I’m your host, Shay Colson, Managing Partner at Intentional Cybersecurity, and you can find us online at intentionalcyber.com.
Today is Monday, January 6, 2025, and I hope that your 2025 is off to a good start.
We’re going to jump right in to the story this week, which revolves around a company called BeyondTrust, the US Department of the Treasury (disclosure, my former employer a couple of lifetimes ago), and - surprising nobody - China.
BeyondTrust: An Exemplar Breach
It was reported as the year wound down - via a letter to Congress, no less - that it suffered a breach earlier that month, where hackers remotely accessed some Treasury computers and “certain unclassified documents.”
From a WIRED article: The attackers exploited vulnerabilities in remote tech support software provided by the identity and access management firm BeyondTrust, and Treasury said in its letter to lawmakers that “the incident has been attributed to a China state-sponsored Advanced Persistent Threat (APT) actor.”
Reuters had the scoop in terms of reporting, but this item has been widely covered in the tech press and other outlets.
BeyondTrust themselves have a pretty good timeline of the incident, if you’re curious.
The source? A compromised API key.
The attacker? China.
But I don’t want us to focus on either of those, because you’re not in charge of protecting your vendor’s API keys, and you’re not in charge of defeating Chinese cyber efforts.
What you are in charge of, however, is understanding the reach and impact of the third parties that you lean on to run your shop. While the BeyondTrust example gives us some good specifics, I think it’s more helpful to zoom out and think more broadly here.
By more broadly, I mean that you should have an understanding of:
The third-parties (including SaaS vendors) that you are using, specifically those that have your data or access to your systems and networks.
Your playbook if one of these vendors has an incident. It’s not realistic for middle market companies to run things without a significant amount of third-party help - and that makes a lot of sense for a lot of reasons. But the tradeoff here is that you need to understand the response procedures if BeyondTrust or Okta or CrowdStrike or any other industry leading provider has an incident. What does it mean for you? What are you going to do? Have you practiced? Etc.

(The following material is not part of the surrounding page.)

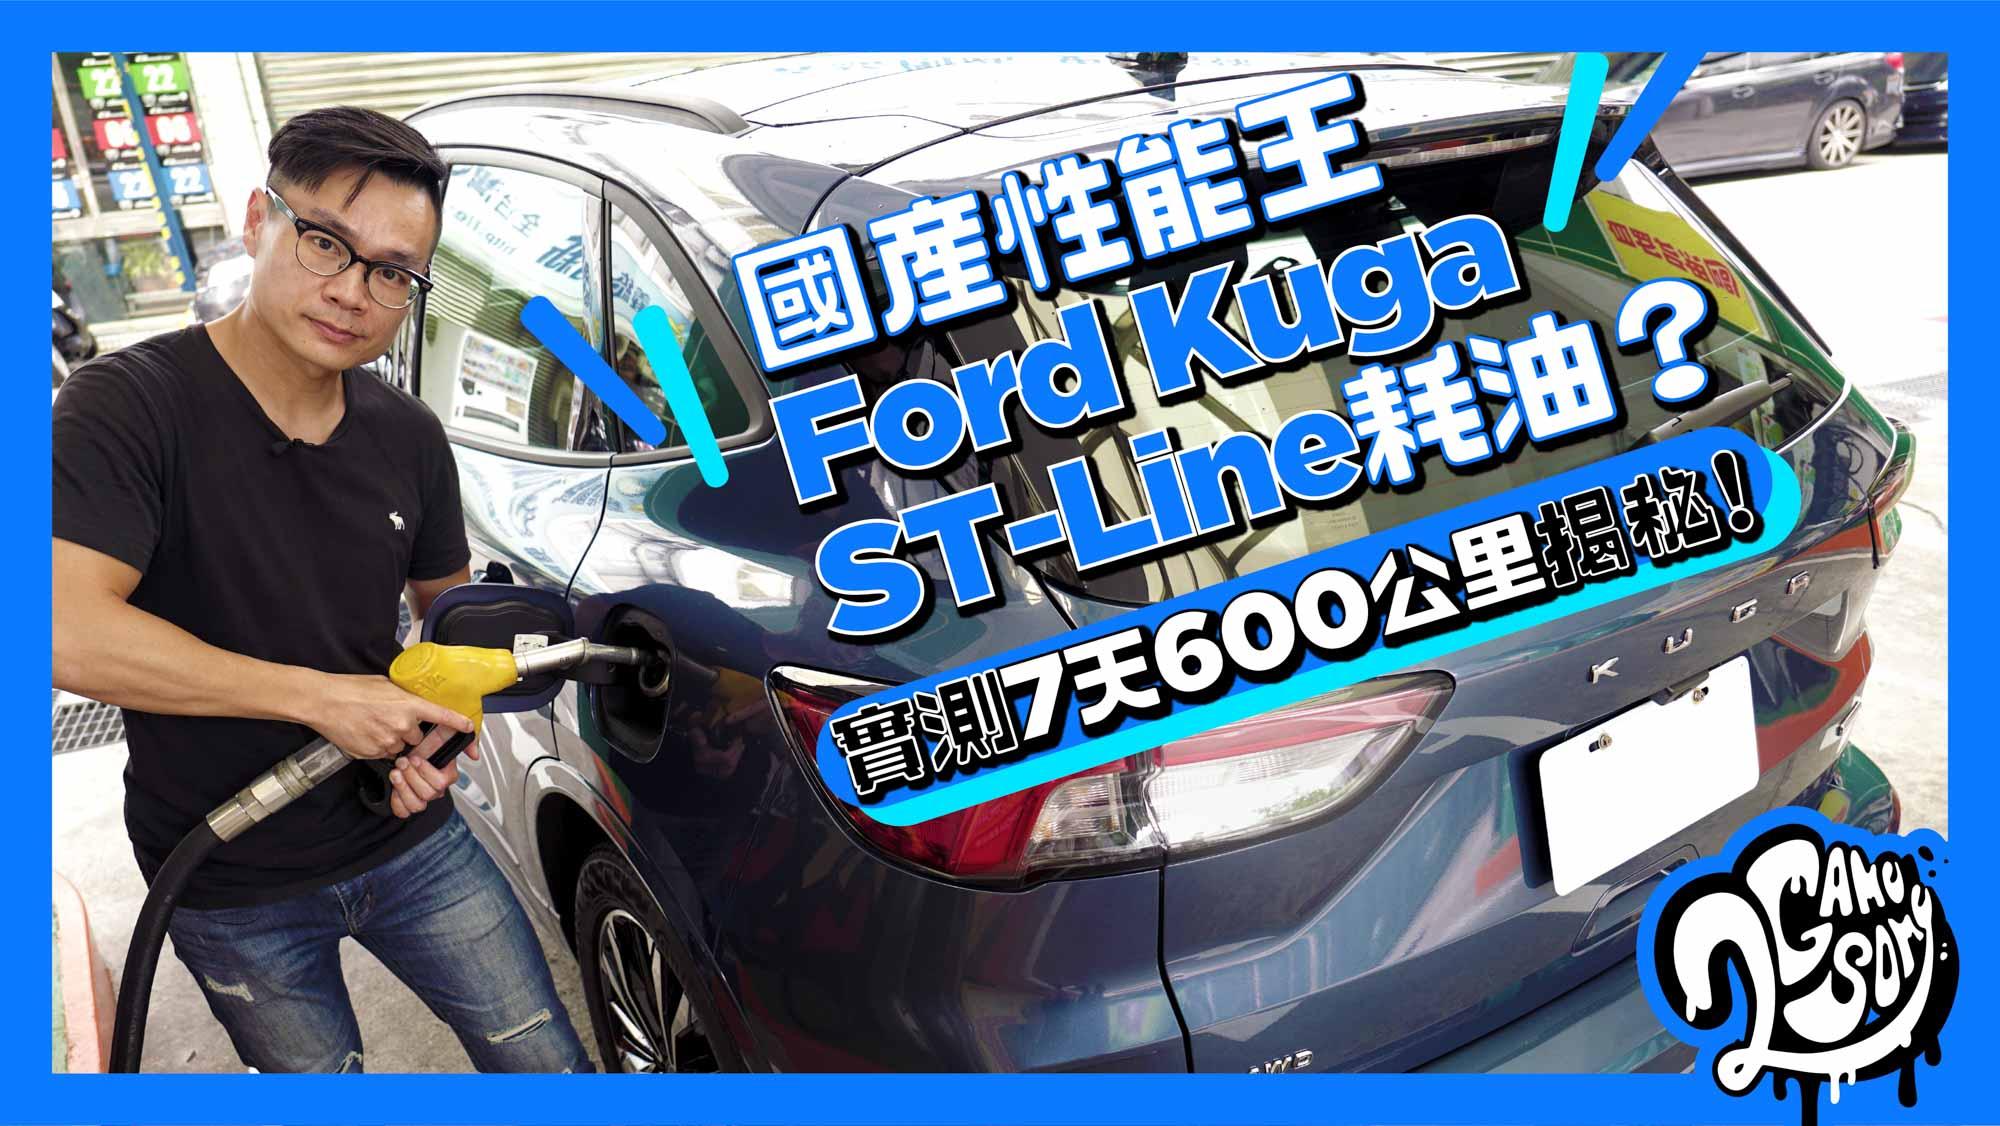 國產性能王 Ford Kuga EcoBoost 250 AWD ST-Line 耗油嗎?實測 7天 / 600公里揭秘!⛽

The nuance that China appears to have been targeting the Office of Foreign Assets Control (OFAC) - and in fact Treasury had just issued new sanctions against a Chinese company for their role in the Flax Typhoon APT - is something that you can also adapt to your own context.
Perhaps this is a “nation state” type of threat that’s relevant to your industry, but maybe you’re simply collateral damage. This might occur in instances where you are using a third party who is the target, or the third party is also used by the ultimate target.
As we’ve seen recently with the zero-days against file transfer platform Cleo, attackers quickly adopt these opportunities to gain footholds and execute attacks.
Your job, again, is to maintain an awareness, understand how you’ll respond, be sure you get updates on the status of events or incident impacting your vendors, and can move in a way that’s appropriate for your organization to minimize impact and overall risk.
No real fundraising updates this week, though the Wall Street Journal did have a good piece on Private Equity’s “Dry Powder Countdown” - noting more than $500B in capital awaiting deployment.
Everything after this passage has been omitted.